Gemäß § 31 Satz 1 SGB X ist ein Verwaltungsakt jede Verfügung, Entscheidung oder andere hoheitliche Maßnahme, die eine Behörde zur Regelung eines Einzelfalles auf dem Gebiet des öffentlichen Rechts trifft und die auf unmittelbare Rechtswirkung nach außen gerichtet ist. Vorliegend fehlt es bereits am Merkmal einer Regelung. So hat auch der Bevollmächtigte der Klägerin im Widerspruchsschreiben vom 09.06.2011, mit dem eine "Konkretisierung" der Regelung beantragt worden ist, ausgeführt, es sei nicht ersichtlich, was im Einzelnen bewilligt worden sei. Aus dem "Verwaltungsakt" ergebe sich noch nicht einmal, ob die Beklagte überhaupt etwas habe bewilligen wollen. Auch aus dem Beratungsvermerk über das Gespräch am 08.12.2010 ergibt sich nicht, dass die Beklagte eine Bewilligungsentscheidung getroffen hat. Darin wird vielmehr ausgeführt, die Klägerin habe ihren Unterstützungsbedarf auf durchschnittlich eine Stunde täglich eingeschätzt. Es sei vereinbart worden, dass dies als Monatsstundensatz bewilligt werde. Danach wurde gerade nicht über einen Leistungsantrag entschieden, sondern eine Bewilligung von Leistungen in Aussicht gestellt. Dies spricht dafür, dass die Beklagte lediglich eine mündliche Zusage erteilt hat, über die Förderung der Klägerin im Rahmen des § 33 SGB IX einen Verwaltungsakt zu erlassen.

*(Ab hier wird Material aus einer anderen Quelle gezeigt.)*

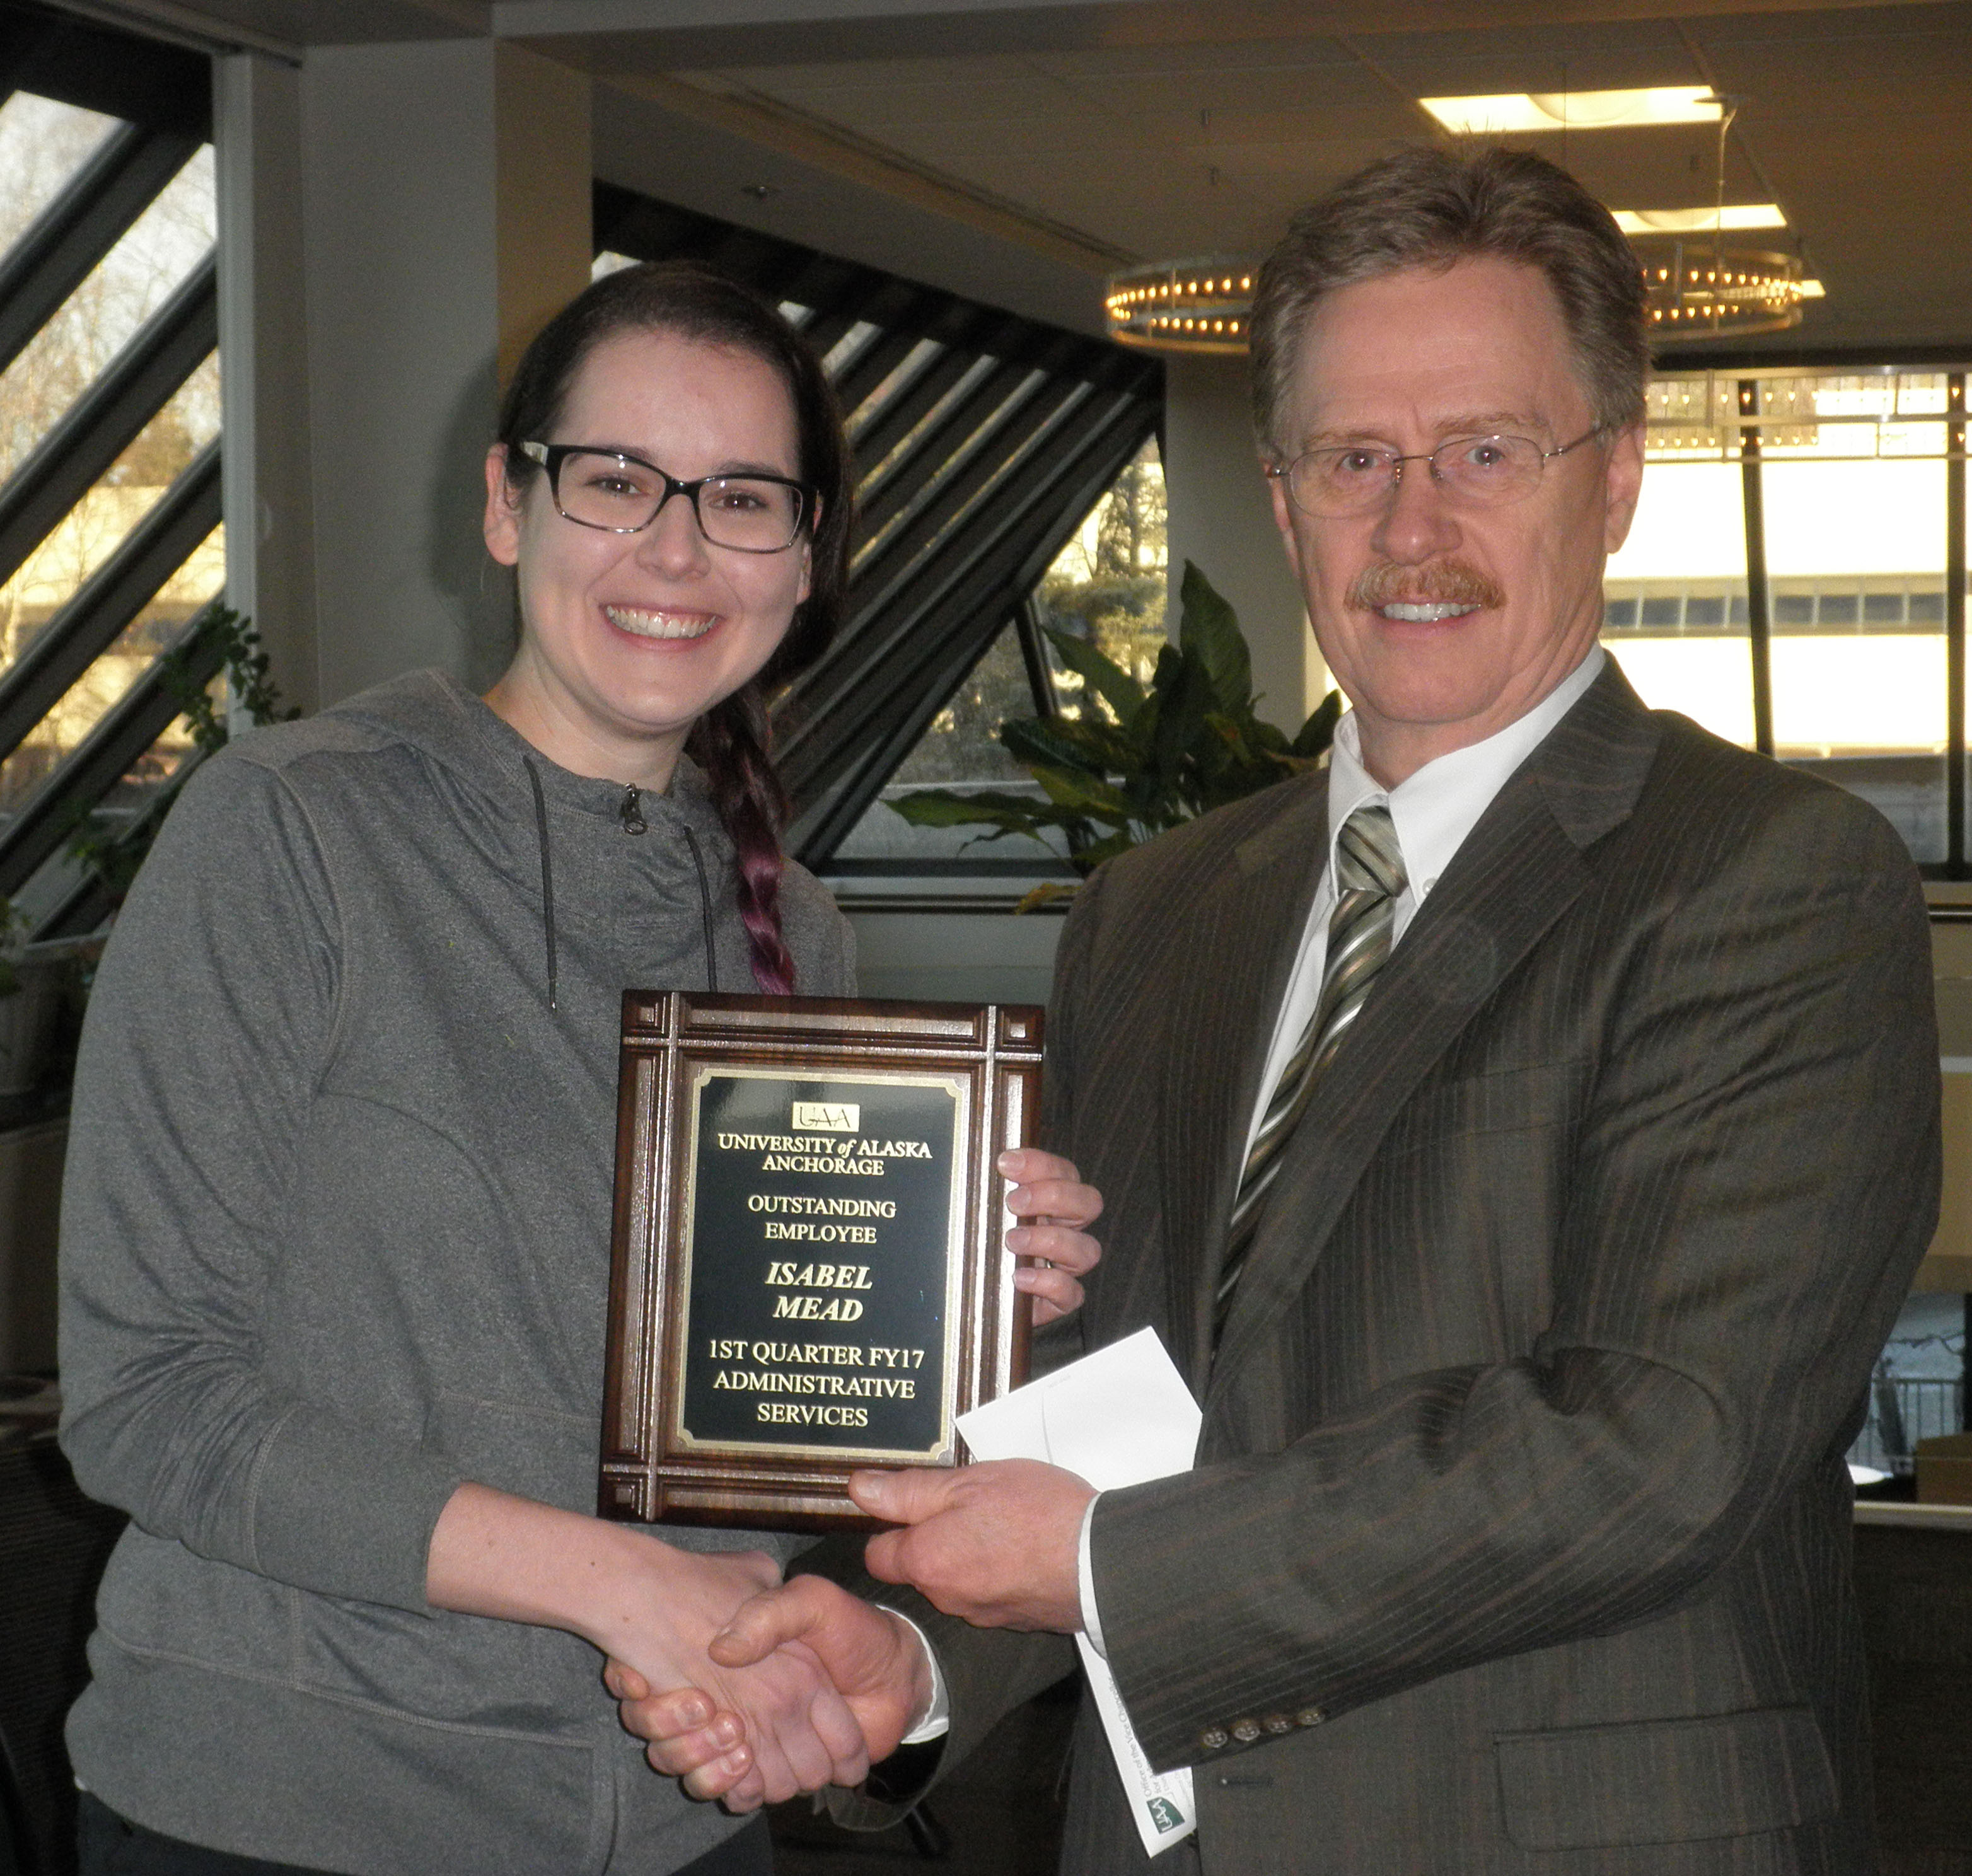 Isabel Mead receiving Employee of the 1st Quarter from Pat Shier FY17

Die Erklärung stellt auch keine Zusicherung dar. Eine Zusicherung ist gemäß § 34 Abs. 1 Satz 1 SGB X eine von der Behörde erteilte Zusage, einen bestimmten Verwaltungsakt später zu erlassen oder zu unterlassen. Diese bedarf jedoch zu ihrer Wirksamkeit der - hier gerade nicht gegebenen - schriftlichen Form. Im Gegensatz zur Zusicherung (vgl. Kepertin in: jurisPK-SGB X § 34 Rn. 10 m.w.N.) stellt die mündliche Zusage keinen Verwaltungsakt dar. Der Unterschied der mündlichen Zusage zur Zusicherung liegt weiter darin, dass eine mündliche Zusage nur bei der Ausübung des Ermessens bindet, während die den Voraussetzungen des § 34 SGB X entsprechende Zusicherung eine Bindung auch im Rahmen der Anspruchsvoraussetzungen erzeugt. Die mündliche Zusage bindet dagegen lediglich das Ermessen im Rahmen dessen, was zugesagt ist (BSG, Urteil v. 18.08.2005 - B 7a/7 AL 66/04 R - juris Rn. 40).

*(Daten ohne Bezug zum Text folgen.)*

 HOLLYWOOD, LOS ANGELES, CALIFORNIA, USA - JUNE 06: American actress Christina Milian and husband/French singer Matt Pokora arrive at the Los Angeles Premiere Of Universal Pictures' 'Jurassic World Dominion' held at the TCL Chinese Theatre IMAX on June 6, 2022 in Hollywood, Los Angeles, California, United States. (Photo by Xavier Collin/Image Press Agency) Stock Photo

Unbeachtlich ist, dass die Beklagte später in anderem Zusammenhang die Auffassung vertreten hat, die mündliche Erklärung vom 08.12.2010 stelle einen Verwaltungsakt dar. Denn maßgeblich ist der entsprechend § 133 BGB nach dem objektiven Empfängerhorizont zu bestimmende Erklärungswert.

Die Kostenentscheidung beruht auf § 193 SGG.

Gründe für die Zulassung der Revision liegen nicht vor.